Frost agreed, “If you’re not participating and you’ve opted out, it reinforces a sense of powerlessness. It reinforces a sense that we don’t have agency.”
Powerlessness is a common sentiment among America’s voting youth, according to Harvard Kennedy School’s spring 2024 youth poll. Over 45 percent of those between 18 and 24 agreed with the statement, “People like me don’t have any say about what the government does.” When asked if they didn’t believe their vote would make a real difference, nearly 40 percent of 18- to 24- year-olds agreed.
According to New Hampshire Representative Jonah Orion Wheeler, the cure to this sense of powerlessness is local involvement. “What we can do is build our communities up, work together on a local level to get things done,” said Wheeler, who at 21 years old is one of the youngest state legislators in the country. “So that’s what I chose to do, getting involved in politics at a very young age and choosing to run a few years after that for the state House and winning that seat.”

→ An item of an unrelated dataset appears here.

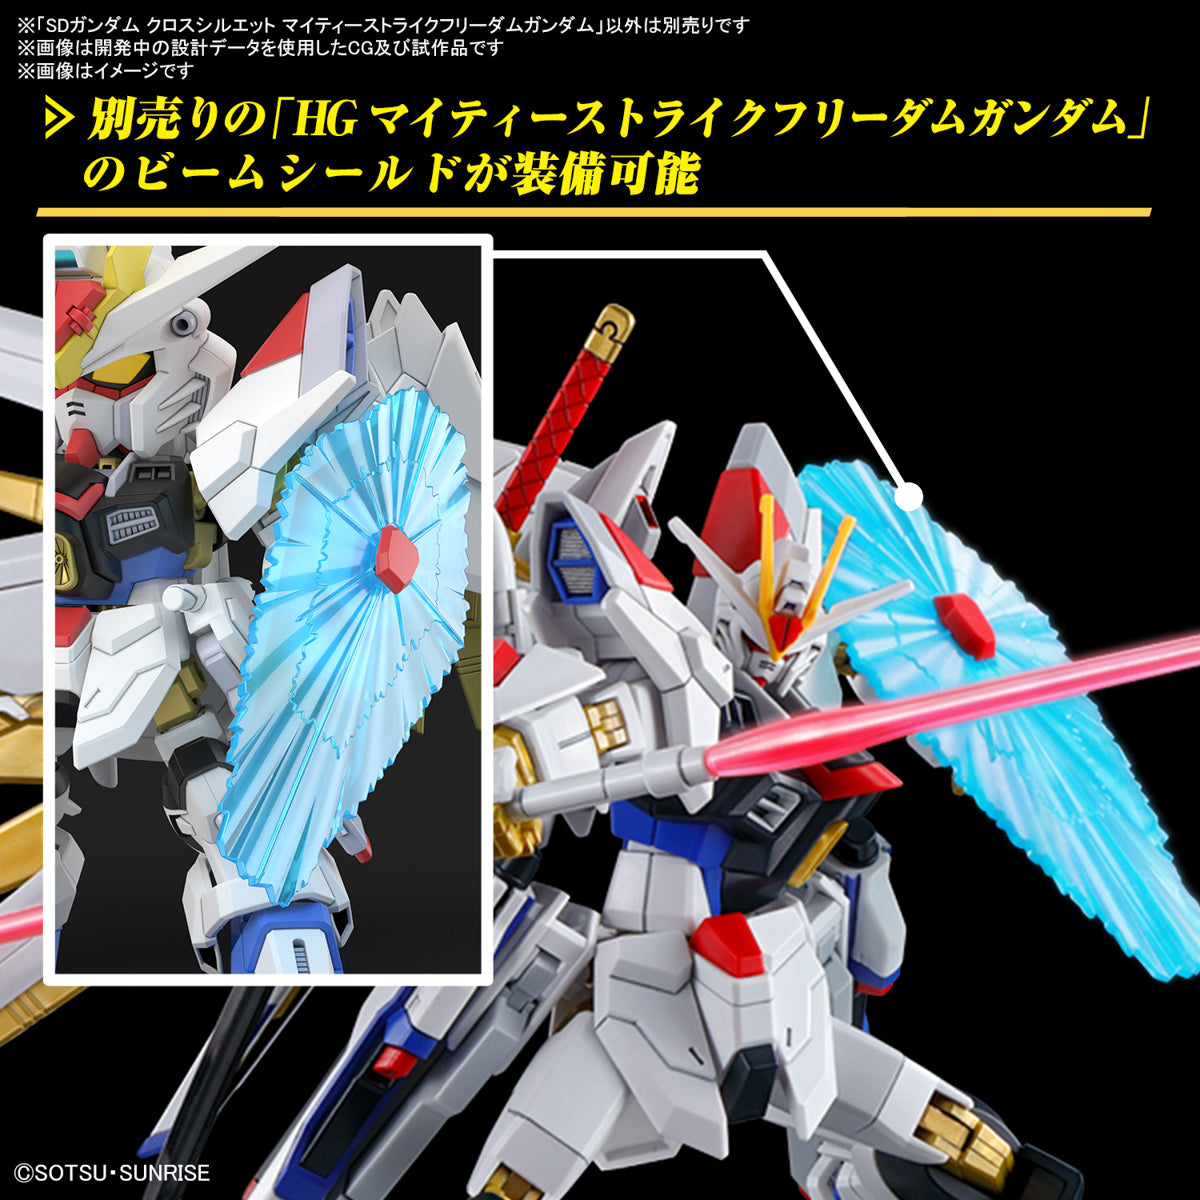 [PRE-ORDER] SD Gundam Cross Silhouette Mighty Strike Freedom Gundam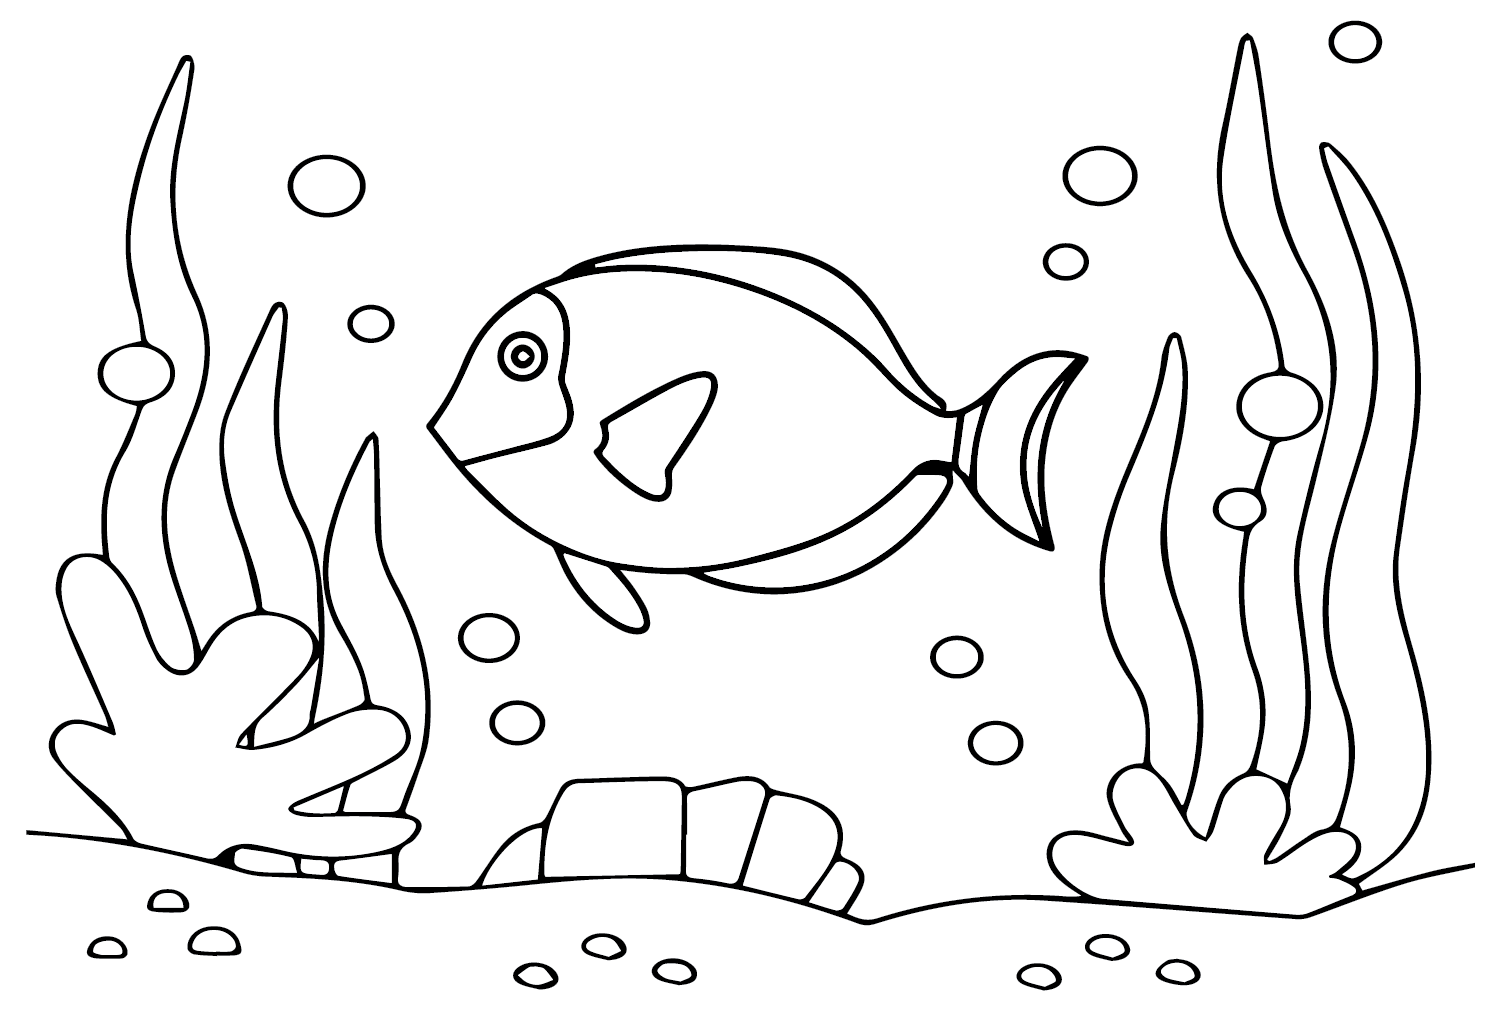 Tang Fish Cartoon Coloring Page - Free Printable Coloring Pages

As a young teen, Wheeler was fired from his job for the way his hair was styled. In July, New Hampshire Gov. Sununu signed into law a bill sponsored by Wheeler that prohibits discrimination based on someone’s hairstyle as it relates to their ethnicity. Similar legislation was passed multiple times by the US House of Representatives, but continues to be blocked in the Senate. In Wheeler’s two years as a state representative, he has sponsored and cosponsored 13 pieces of legislation that passed both houses.
“Most often people are told to sit down and be quiet, and in many ways, I did. I was an observer in my first year, and I sat down and I was quiet,” he said. “But I ran for office for a reason, and who knows how long I have here, whether or not I get another two years, and I wasn’t just going to sit there and be idle.”
Svante Myrick was elected to the Ithaca City Council as a junior at Cornell University in 2007. By 2011 he was elected mayor—the youngest in the city’s history and the first person of color. After stepping down in 2022, joined the progressive advocacy organization People for the American Way. But the tug of war between apathy and hope for the future is something Myrick still faces on a nearly daily basis. “What keeps me going is that it’s easier to work than to quit,” Myrick said.
At People for the American Way, he focuses on protecting voting rights, preserving democracy and electing young and progressive leaders. “I hear young people say this, ‘Politics is so corrupt, so frustrating—so I don’t engage in it.’ To me that sounds like saying the air is so polluted, I don’t even want to plant trees,” Myrick said. “The trees are cleaning the air; engaging in politics is what makes it better.”
Young adults’ task of saving the world, as Wheeler put it, is daunting enough to make many shy away from any action at all. Such dread often freezes people in place, but Wheeler and Myrick both know that taking the first step toward change can be extremely empowering. “I still have a sense of depression about where we’re at in politics these days,” Wheeler said, “but it breaks every day that I see more and more people get involved, start to actually organize around their material needs,”
Myrick made an impact not just through his policy priorities but also on those he spurred to seek local leadership. “I’m really proud that we also inspired more young people themselves to get into office, to run for office and to be involved in the community.” According to Myrick, the city council now has more people under 30 than at any time in Ithaca’s history.
Wheeler said, “There is the opportunity to get involved, and to have a say, and to make a difference.”